General Lab Information

Machine Learning Group

Machine-Learning-based Table Extraction for the ENSDF Modernization Project

CSI is developing machine learning (ML) and natural language processing (NLP) methods for automatic table extraction from non-machine-readable documents. Tables are ubiquitous and high-density information resources, yet their contents often cannot be accessed or processed in an automated manner. This is particularly a problem for PDFs, which are not machine-readable (a problem that is apparent to anyone who has attempted to copy and paste contents out of a PDF). Current tools for table extraction from PDFs are rule-based, unscalable, and produce many extraction artifacts. This approach is vision- and NLP-based and automatically detects tables, their contents, and their structure to enable automated extraction at scale. This work is part of an ongoing modernization effort for the ENSDF database that is managed by Brookhaven Lab’s National Nuclear Data Center (NNDC)1. As part of the nuclear data pipeline, ENSDF is maintained by expert evaluators who collect, evaluate, and disseminate nuclear physics data sourced from published experimental results. This work includes gathering tabular contents from many published PDFs and, in practice, often means spending significant time fixing table extraction errors before being able to move on with the evaluation work. This ML-based table extractor presents a valuable opportunity to accelerate this part of the workflow and may similarly serve to accelerate and scale many other document processing efforts.

Existing tools for table extraction from PDFs work by reading a PDF file’s underlying encoding, filtering page elements contained within a table’s bounding box (often selected manually), and applying a complex series of heuristic rules to reconstruct the table in an editable form (e.g., CSV or XML). This approach cannot scale and is prone to many extraction errors. These errors are an inconvenience when dealing with a handful of tables as they can be manually fixed in a few minutes. However, when many documents—hundreds to millions—must be processed, these errors present an insurmountable challenge.

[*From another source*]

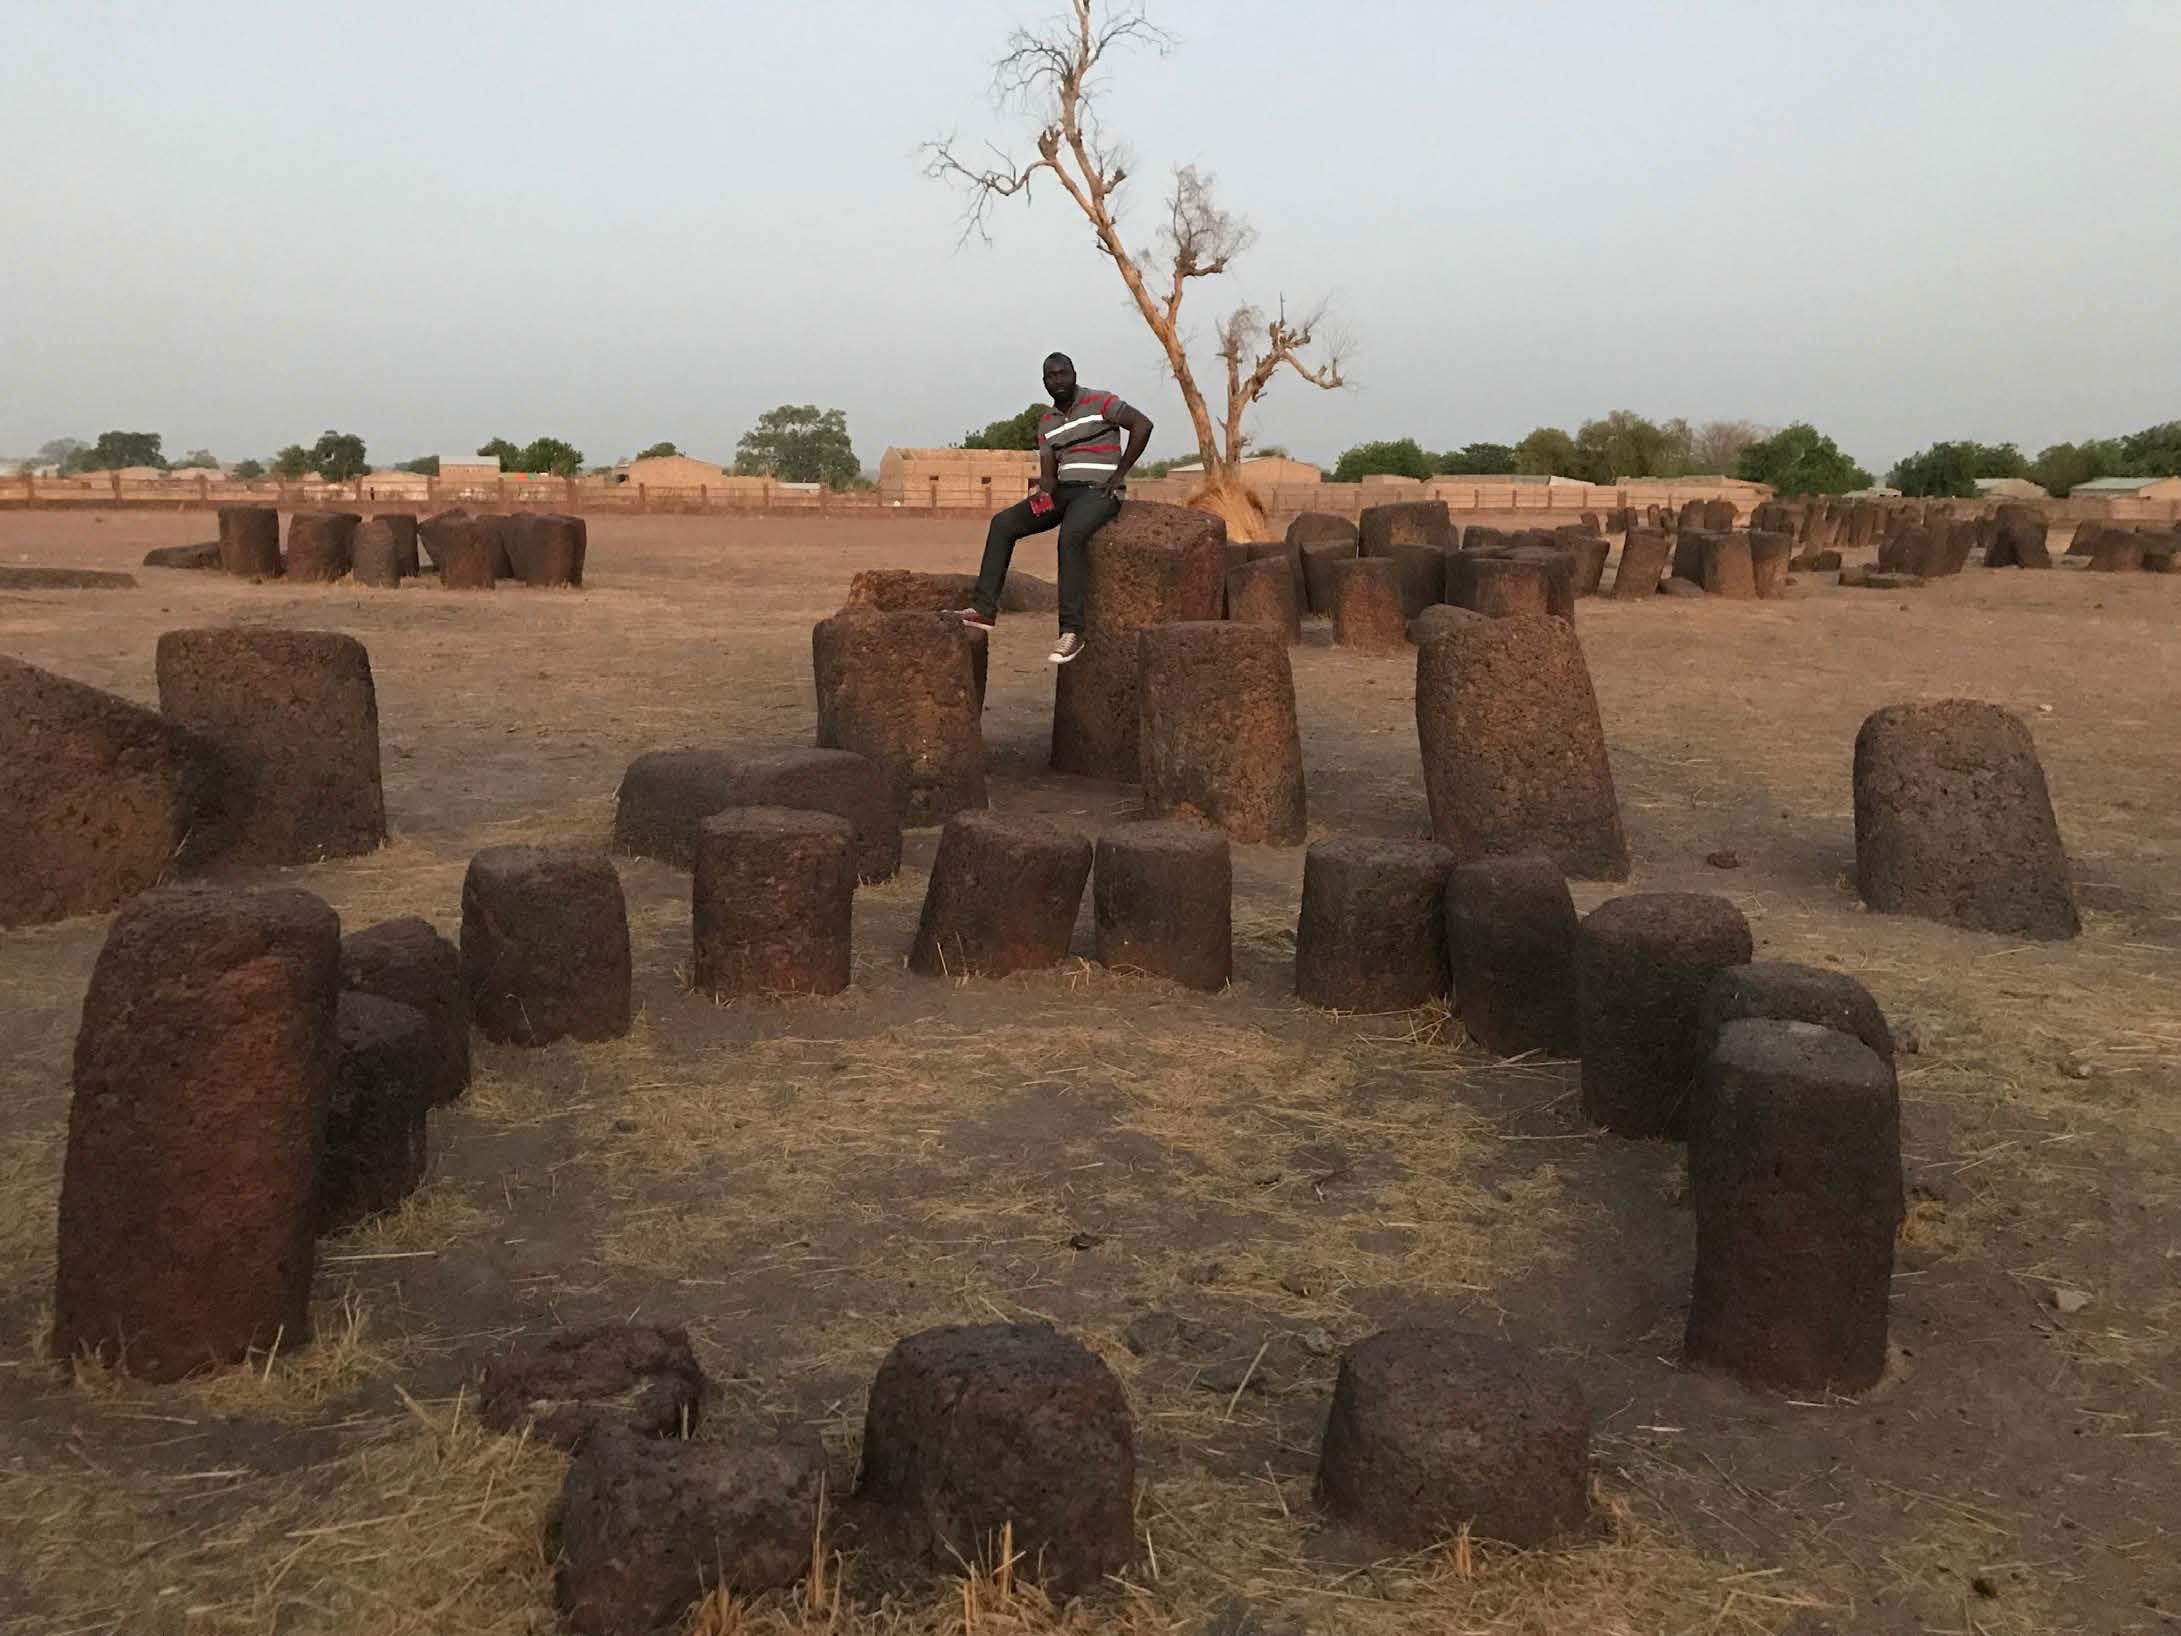 Stencirkler i Sine Ngayene, Senegal. Foto: Tabita Rezaire

Rather than processing a PDF’s underlying encoding, the table extraction task is treated as a visual problem by applying visual ML methods to first detect all tables in a document then extracting and ordering their contents. This approach uses TATR (table transformer), built on the Detection Transformer (DETR) architecture and pre-trained on approximately 1 million machine-annotated tables2,3. TATR also enables mapping the critical structure recognition task as a specialized object detection problem via auxiliary annotations, affording an improvement in table structure quality. We are evaluating the adaptability of several optical character recognition (OCR) models to read the table cell contents, which may include super/sub-scripts and non-Latin characters. Together with NNDC, CSI has developed a web interface and its supporting ML backend for ENSDF evaluators to use in their evaluation workflow. When users drop in a PDF document, all tables are automatically detected and made selectable. Upon selection, the tool generates an easy-to-copy HTML or CSV version of the extracted table contents. The web interface connects to a back-end ML server that processes the PDFs with the trained models and returns extraction results. CSI continues to optimize this ML server and making various fixes and improvements to the PDF processing pipeline and user interface.

Publications

  1. Hayes, E. McCutchan, S. Yoo, A. Mattera, S. McCorkle, B. Shu, A. Sonzogni, C. Soto, S. Zhu, F. Kondev et al., “Modernization and expansion of the evaluated nuclear structure data file database (ENSDF),” Bulletin of the American Physical Society, vol. 66, 2021.
  2. Smock, R. Pesala, and R. Abraham, “PubTables-1M: Towards comprehensive table extraction from unstructured documents,” in Proceedings of the IEEE/CVF Conference on Computer Vision and Pattern Recognition, pp. 4634–4642, 2022.
  3. N. Carion, F. Massa, G. Synnaeve, N. Usunier, A. Kirillov, and S. Zagoruyko, “End-to-end object detection with transformers,” in European Conference on Computer Vision, pp. 213–229, 2020.